907.sum-of-subarray-minimums.md

907. Sum of Subarray Minimums

Clarification Questions

• No, it's clear from problem description.

Test Cases

Normal Cases

Input: 
Output: 

Edge / Corner Cases

Input: 
Output: 

Monotonic Stack

Idea! We will find the smallest number and see how many time does the smallest number contribute to the sum of min(b) in the subarray.

Suppose we have a smallest number 2 in our array X X X X 2 X X X, we will find out that how many time does 2 contribute to the sum of min(b). We can keep looking at the left and right hand side until we find the number that is smaller than 2.

// Search the smaller number from left and right hand side
X X X X 2 X X X
  <-----*----->

// This is the range that the subarray contains 2 and contributes the min(b)
X X 0 3 2 4 5 1 
      |-*---|

We will keep looking for the previous and next smaller numbers. (prevSmaller, nextSmaller).

Then 2 contributes to the sum of min(b) from all the subarrays ranging from [3, 2, 4, 5] that contains 2, that is all the subarrays begin from [3, 2], end at [2, 4, 5], so there are 2 * 3 subarrays.

/// The possible start of subarray that contains 2.
[3, 2, _, _]

/// The possible end of subarray that contains 2.
[_, 2, 4, 5]

Pitfalls

1. What if we can't find the previous or next smaller number? We have to set -1 or n to indicate that there is no such number.

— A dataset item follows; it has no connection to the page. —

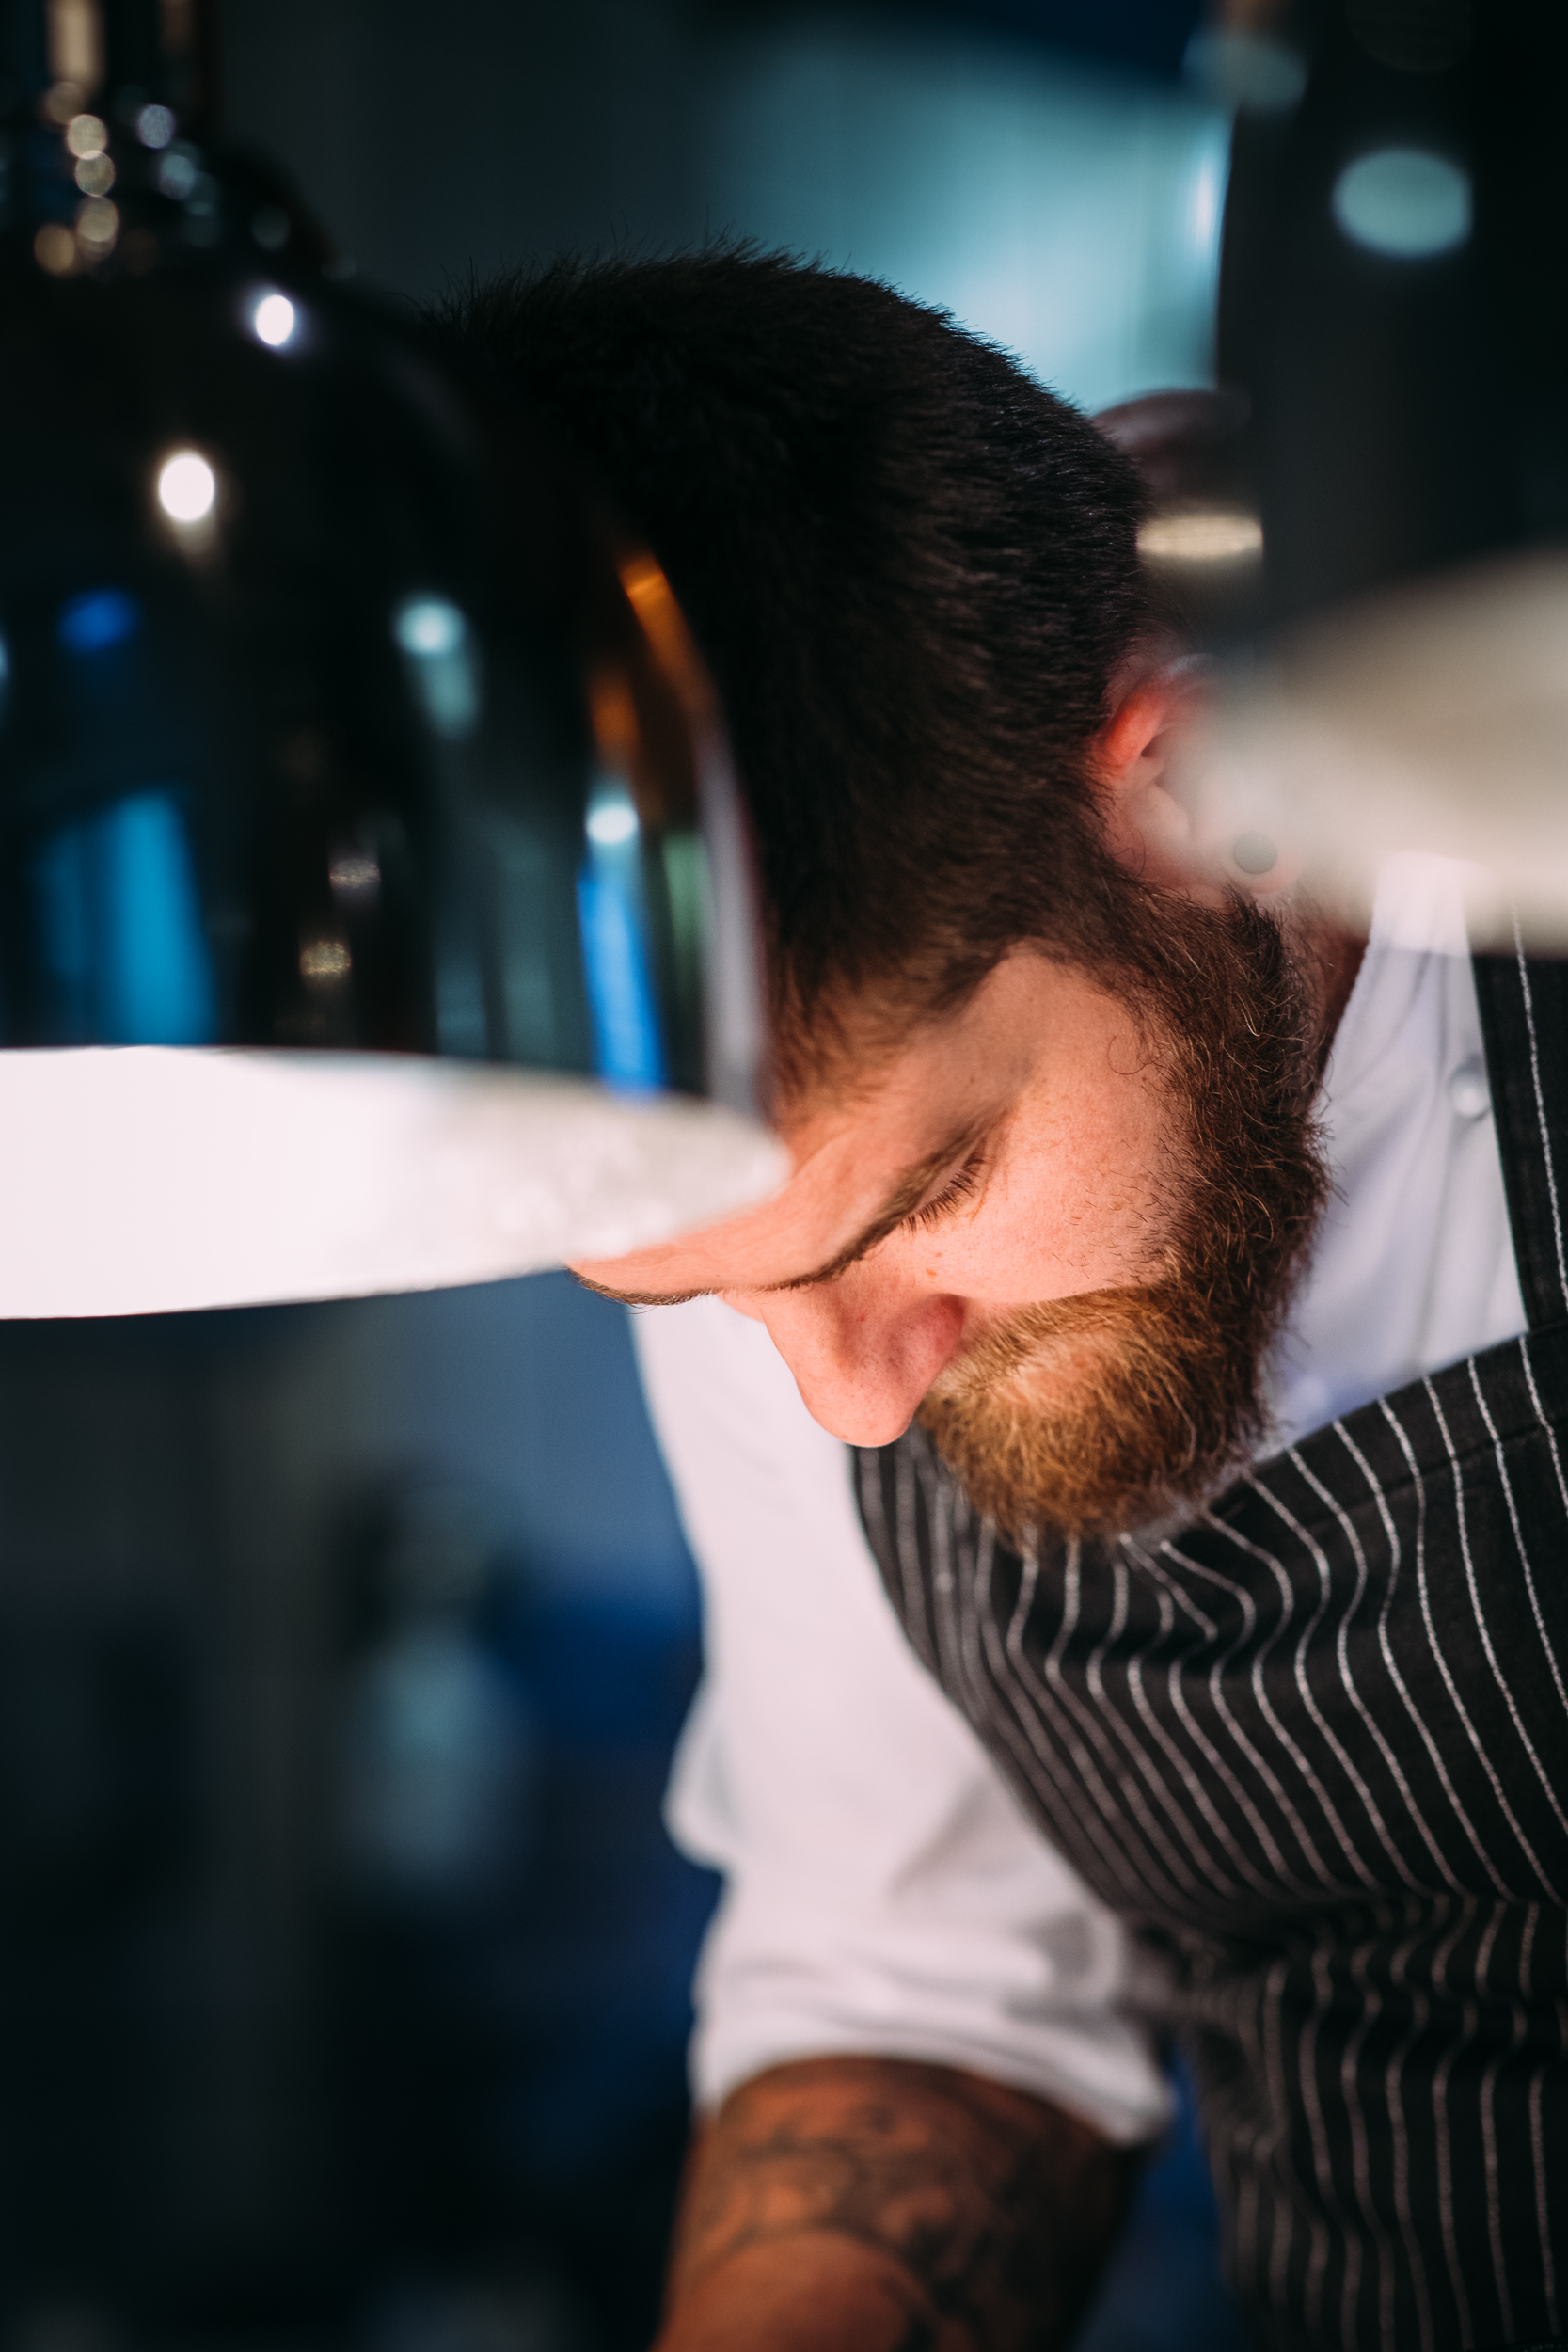 Kevin Grobler, Delaire Graff Restaurant Executive Chef

index -1, 0, 1, 2, 3, 4, 5, 6, 7
value     3  5  1  2  4  5  9
       |--------*--------------|

2. What if we have the same smallest number?

... 2 3 2 4 5 2 ...
    |---*-----|

There are duplicate 2 (leftmost and rightmost), which one contributes to min(b) in ..., 2 3 2 4 5 2, ...? To prevent duplicate calculation, we treat the first 2 the minimum number and ignore other duplicate 2, so we will stop looking for previous smaller if it's the same number, but we won't stop for next smaller.

...2 5 6 2 3 2 4 5 2 8 2 9 1
         |---*-------------|

Nice Explanation Video: https://www.youtube.com/watch?v=TZyBPy7iOAw

private val mod = 1000000000 + 7

fun sumSubarrayMins(arr: IntArray): Int {
    val n = arr.size
    // Index, we have to provide the default value to indicate not found
    val nextSmaller = IntArray(n) { n }
    val prevSmaller = IntArray(n) { -1 }

    // Index, we have to calculate the length of subarray
    val stack = Stack<Int>()
    for (i in 0 until n) {
        while (stack.isNotEmpty() && arr[stack.peek()] > arr[i]) {
            val index = stack.pop()
            nextSmaller[index] = i
        }
        stack.push(i)
    }
    stack.clear()
    for (i in n -1 downTo 0) {
        // There is "equal" operator, we treat the first duplicate numbers as smaller number
        while (stack.isNotEmpty() && arr[i] <= arr[stack.peek()]) {
            val index = stack.pop()
            prevSmaller[index] = i
        }
        stack.push(i)
    }

    // Use Long type to prevent overflow
    var result = 0L
    for (i in 0 until n) {
        val sum: Long = arr[i].toLong() * (nextSmaller[i] - i).toLong() % mod * (i - prevSmaller[i]) % mod
        result = (result + sum) % mod
    }
    return result.toInt()
}

• Time Complexity:: O(n) to iterate the whole array and each element is pushed and popped at most once.
• Space Complexity:: O(n) for stack and arrays to store the previous and next smaller index.